Data
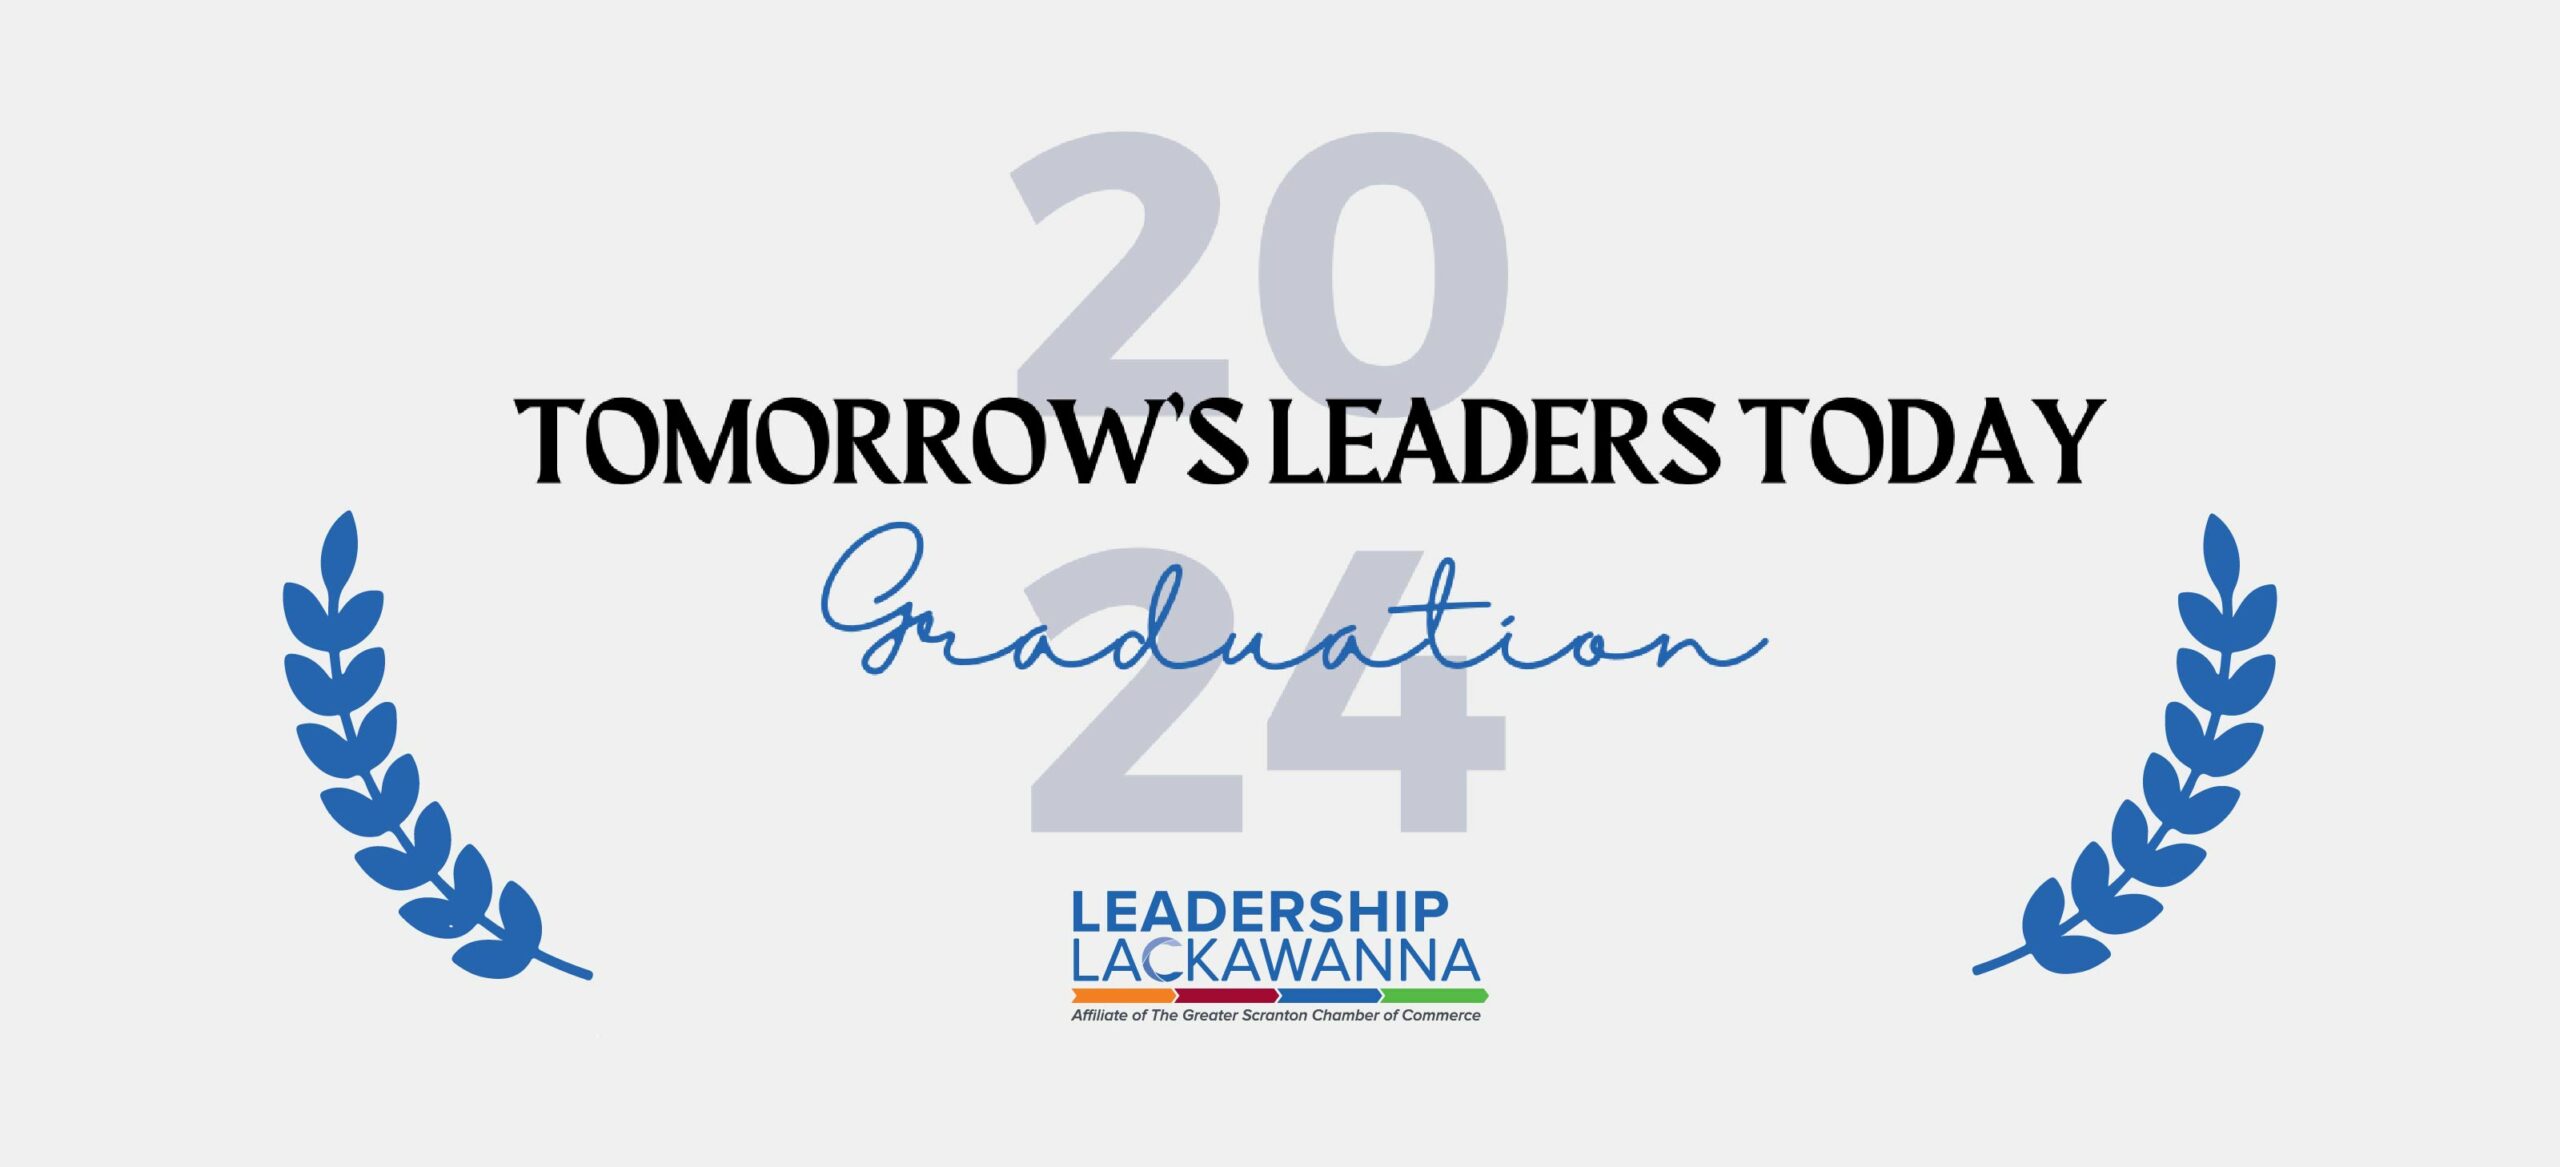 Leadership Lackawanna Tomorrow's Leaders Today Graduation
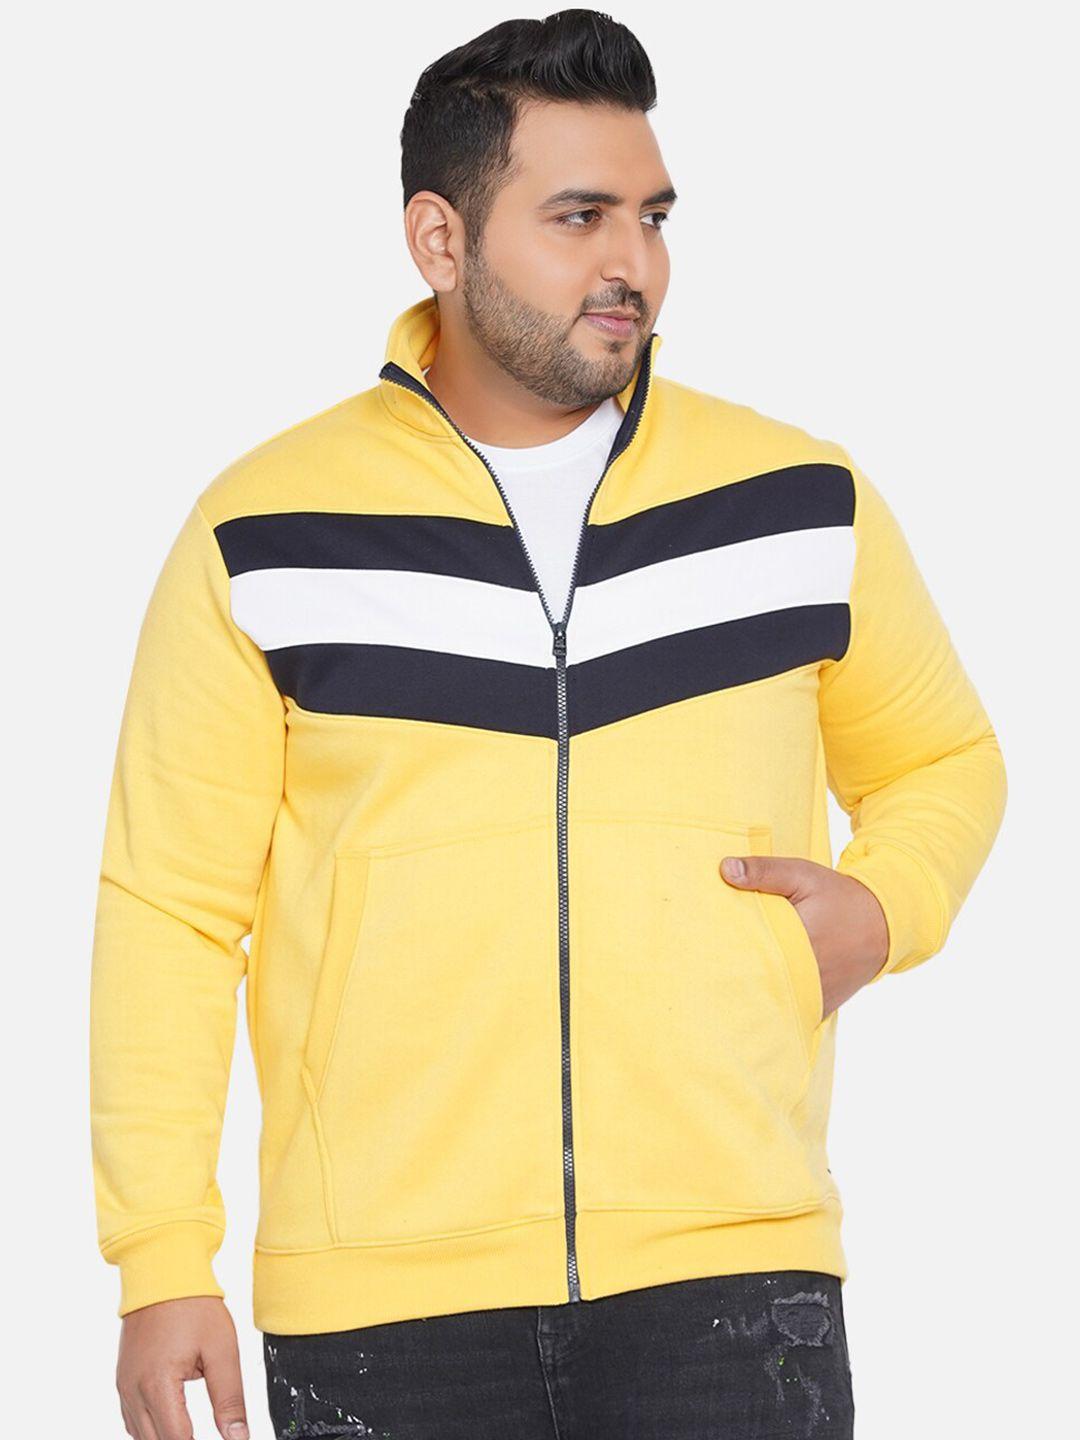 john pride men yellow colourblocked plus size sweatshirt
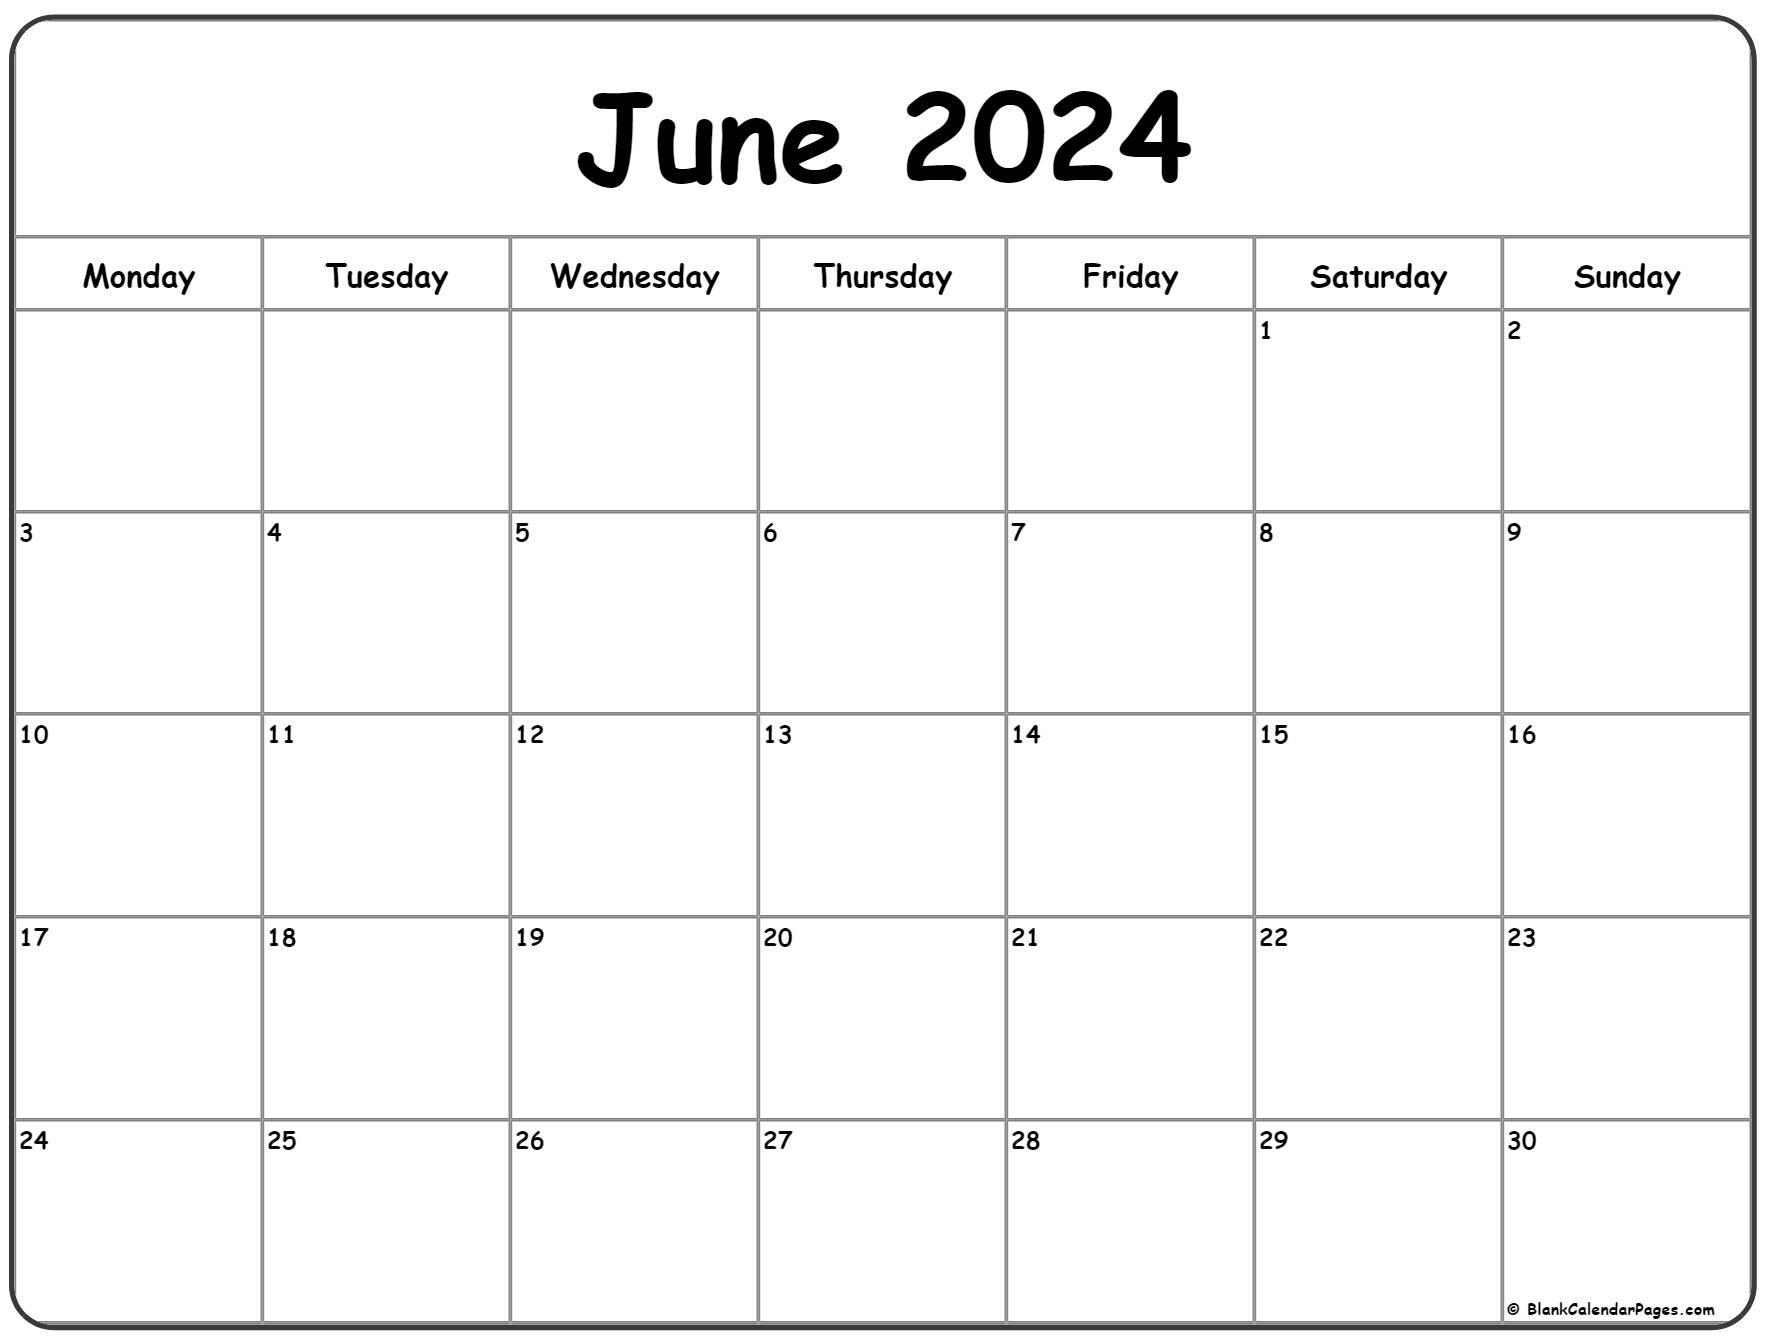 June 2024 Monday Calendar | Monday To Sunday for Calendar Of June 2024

Exercise directions
Transcribe the material exactly, keeping every word and none of the pictures.

Answer section
 Leadership Lackawanna Tomorrow's Leaders Today Graduation
 john pride men yellow colourblocked plus size sweatshirt
 June 2024 Monday Calendar | Monday To Sunday for Calendar Of June 2024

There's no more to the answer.